Michael & Gregory teamed up with friends and Toronto-based developers Dae-Seon Moon, Jesse Malone, and Marcus Veres to complete the prototype in time to meet the city's imposed demo deadline and to launch the initial Android version of the application. TowIt officially launched on the Android platform on January 16, 2015. A subsequent iOS launch took place on March 19, 2015.

=== iTunes connect acceptance issues ===
The iOS version of the application was delayed for approximately two months, only after significant deliberation with Apple's iTunes Connect review board around (as then stated) rule: "14.1 - Any App that is defamatory, offensive, mean-spirited, or likely to place the targeted individual or group in harm's way will be rejected." The result was having to remove the "Global Feed" feature from the iOS platform, in which civilian users could view all recent reports from within the application.

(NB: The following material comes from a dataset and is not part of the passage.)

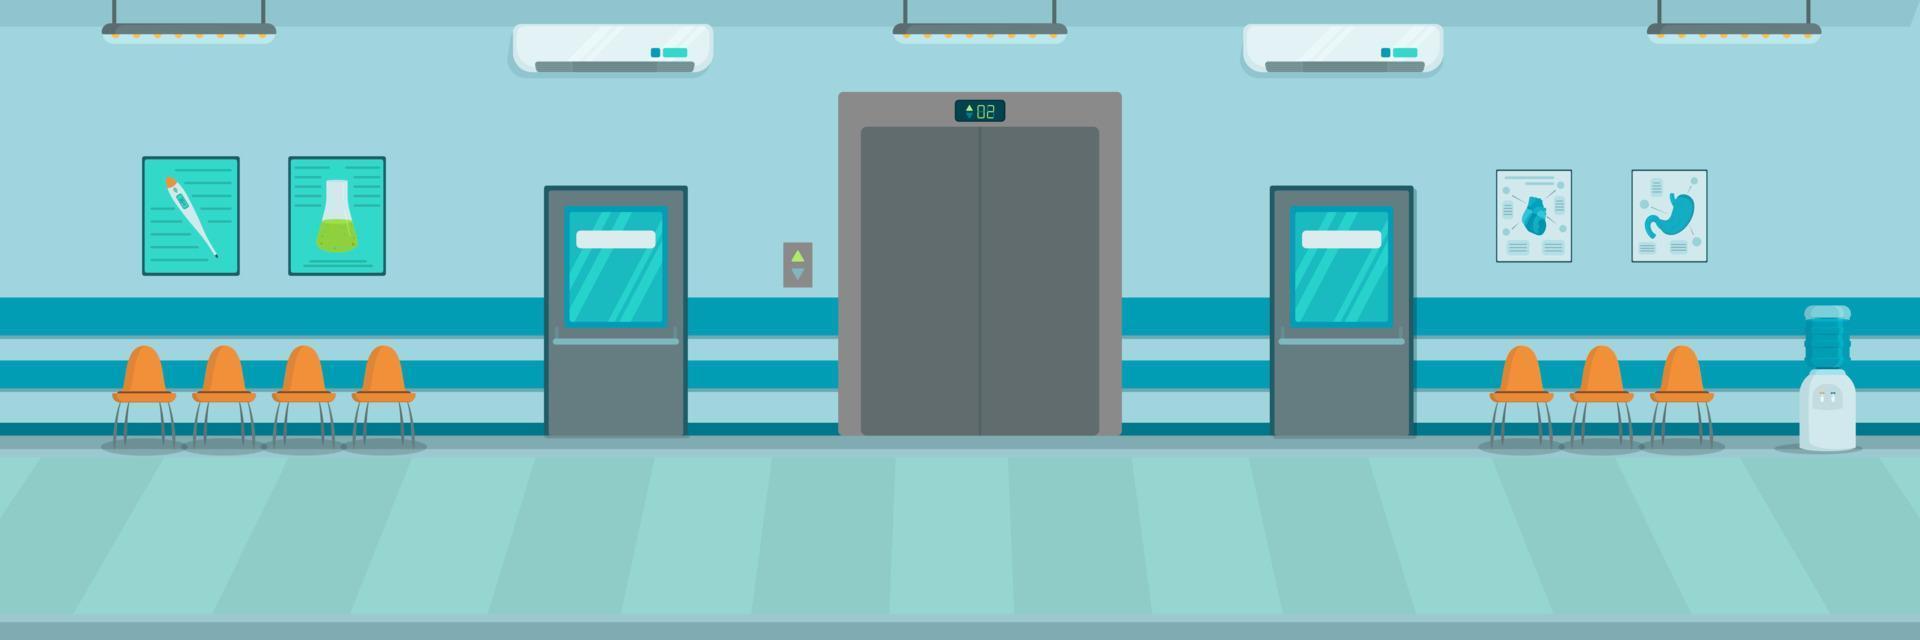 vektorillustration der krankenhaushalle. Korridor einer medizinischen Einrichtung. Hintergrund Innenraum. vektor

This feature still exists on the Android platform.

=== Business and legal ===
TowIt engaged Wildeboer Dellelce, one of Canada's leading business law and transactional corporate finance law firms, on January 17, 2015. The company filed for incorporation as "TowIt Solutions Inc." by both Michael & Gregory in the Canadian province of Ontario on January 22, 2015. TowIt continues to operate under a Freemium business model. The company is 100% bootstrapped and has received no outside investment to date. TowIt was accepted into the MaRS Discovery District's Venture Services program on March 4, 2015.

=== Lobbyist registration ===
After receiving initial press coverage in January and February 2015, an unknown entity reported Michael & Gregory's initial communications with city staff to the City of Toronto's Lobbyist Registrar. This complaint resulted in legal threats of fines received on February 10, 2015, for apparently and unknowingly breaking municipal lobbying by-laws. These fines (of up to $100,000) were eventually withdrawn after Michael & Gregory immediately provided all records of communication with city officials and registered as lobbyists in the City of Toronto on the subjects of By-law / Regulation, Parking, and Technology. Their registration was accepted by the Lobbyist Registrar on March 6, 2015. However, communication with Toronto city staff was reduced greatly as a result, which the company believes may have been the desired intent of the original complaint.

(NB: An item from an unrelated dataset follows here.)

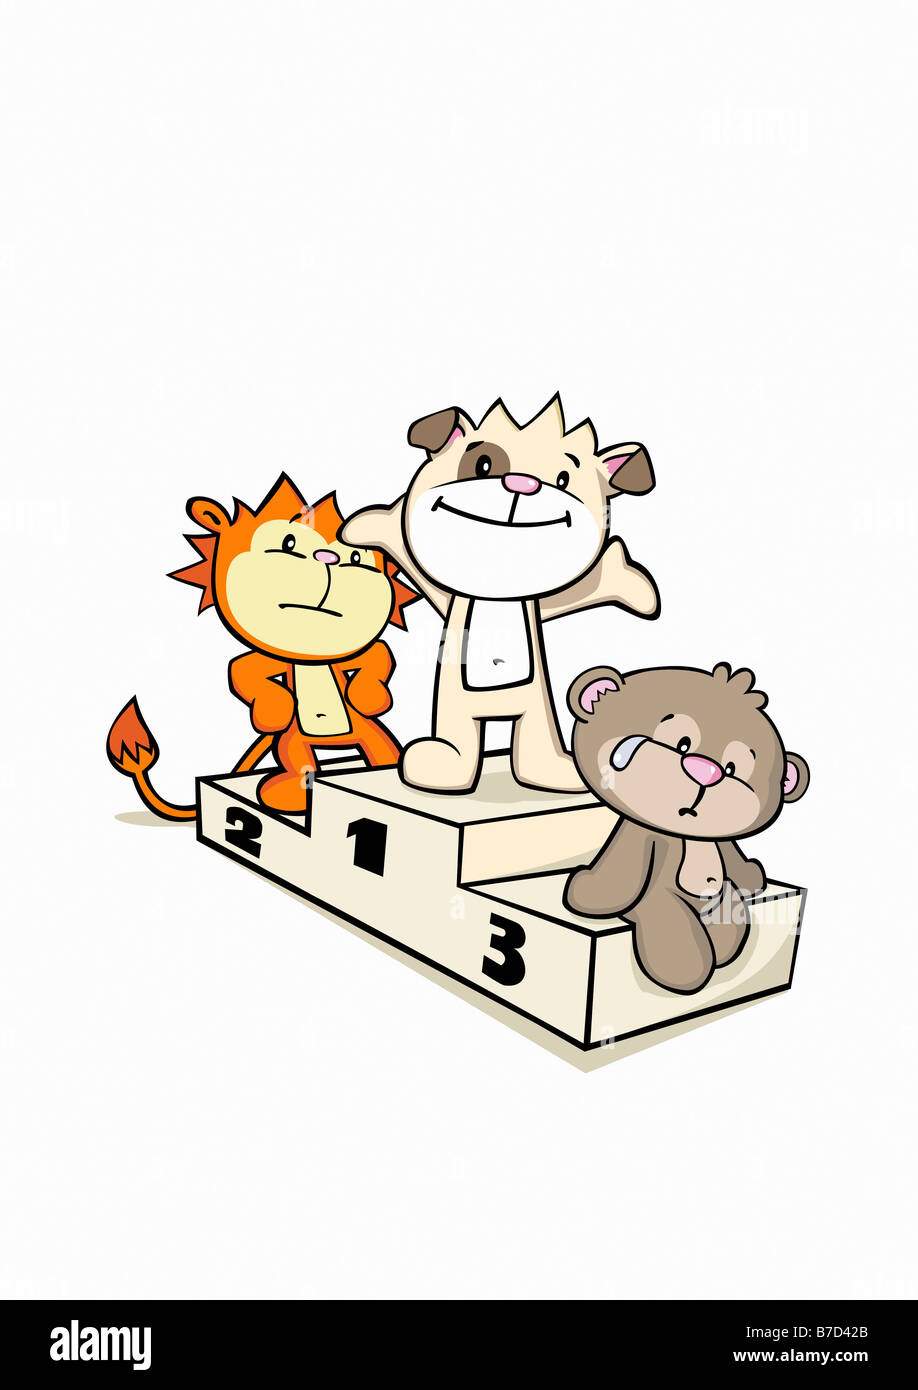 Trois animaux cartoon debout sur un podium gagnants Banque D'Images

=== Outreach and activism ===

TowIt encourages its global user base to reach out to their local government representatives to promote the app at the users' own will. This tactic is used not only to demonstrate grassroots support, but also to avoid future lobbying issues. On June 2, 2015, the company officially partnered with Australian campaign "No Permit No Park" who advocate for the creation of inclusive communities.

== Reception ==

The Best Planning Apps for 2016 by Planetizen, 5 Toronto apps you should be using by Indie88, 12 Best Apps Made In Canada by TechVibes.